# Debating tank layout... with pics..



## Guru (11 Feb 2014)

Hi all,

I thought I would post this here too to get some more feedback from people...please 

I am looking to setup a planted tank, and I have bought everything I need aside from fish plants and substrate.

I've got a Fluval Roma 200, an Aquamanta EFX 1000u and various pieces of wood/rock...

I am looking to chose one of 4 designs at the moment. All pictures were taken of the actual hard scape I'm putting in in and coloured in on my ipad lol

I have narrowed it down to these 4 different designs...

Option 1







Option 2






Option 3






Option 4






I'm debating which of the above to use and would love to know which people prefer...



Also... I'm going to seperate the differnt substrates using some plastic canvas from hobbycraft to make barriers, but I am wondering what height I should do the barriers? In other words what depth to do the substrate.

The barriers will look a little something like this, but all stuck together with aquarium sealant:






I have not yet decided what to use for the "sand" coloured substrante and would like some suggestions... (possibly just sand I guess? lol) But for the planted portions of the tank I intend to use JBL Aquabasis topped with JBL Manado. But I don't know how deep each should be and guidance would be appreciated.

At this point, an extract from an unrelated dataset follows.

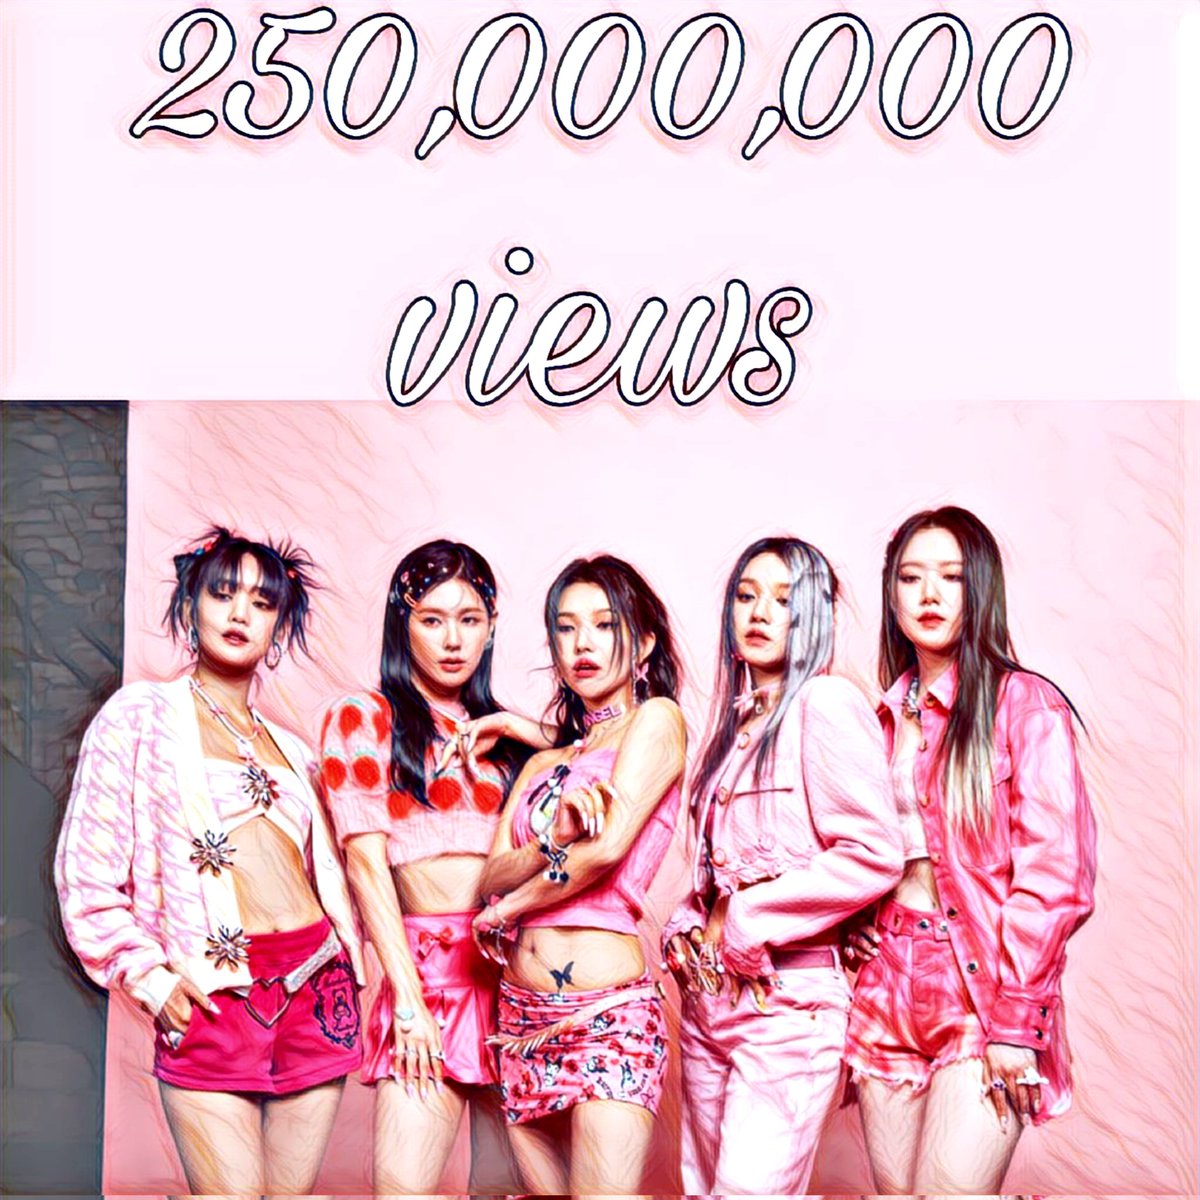 Queencard MV joins Tomboy and Nxde as @G_I_DLE 3rd MV to reach 250,000,000 views on YouTube! #QUEENCARD250MVIEWS #GIDLE #여자아이들 @G_I_DLE

I am also interest to know which plants people would recommend to achieve this look.

Thanks all 

G


----------



## Lindy (12 Feb 2014)

Looks a bit too much like someones back garden for me so I'll not be much help


----------



## MARKCOUSINS (12 Feb 2014)

Looking at your ideas looks like you want/need 2 plant species only.A moss of some kind to grow on the wood and a low growing/foreground plant for the rest.Moss,there are plenty to choose from(better one that will attach).Foreground plants HC,Staurogyne repens,glosso,Eleocharis,Marsilea....the choices are many.Looks like you don't plan on any stems.I'm not to keen on the 3 rocks on the left.Cheers Mark


----------



## Guru (13 Feb 2014)

Thanks Mark, I may have a few stems right at the back, maybe some swords etc. I'm not sure on the ricks either lol, may cover them in plants too tbh.


----------



## Guru (14 Feb 2014)

I meant rocks, but edit seems broken.


----------



## Guru (17 Feb 2014)

I went for option 3 in the end, built my barriers:





Needed much more pebbles than previously planned to hide it though.... Went for gravel instead of sand in the end...






Happy with it so far though 

All the wood is still soaking.

I need to chose some plants now, I would like some Phoenix moss I think. Anyone know a reputable (and reasonablly priced) place to get hold of some?


G


----------



## Guru (19 Feb 2014)

Added a couple of random plants and some bogwood...

....Hoping the red-ish ones on the left will grow in a fashion that doesn't make their placement look so forced but still allow a fairly clear pass through the rocks. 





Cheers,

G


----------



## Guru (21 Feb 2014)

Few more plants....


----------



## Guru (24 Feb 2014)

Now with Moss...





From where I sit...






I will see how I get on with this moss (Java), if I'm not happy after its properly established I will start again after I source some Phoenix moss.

(ignore the bit of wood covered in moss on the left...I had too much and kept it just incase)


CO2 ordered.


Cheers,

G


----------



## Ady34 (26 Feb 2014)

Guru said:


> I meant rocks, but edit seems broken.


hi, you can only edit the first post of each thread. If you need anything else altering you need to contact a member of the team


----------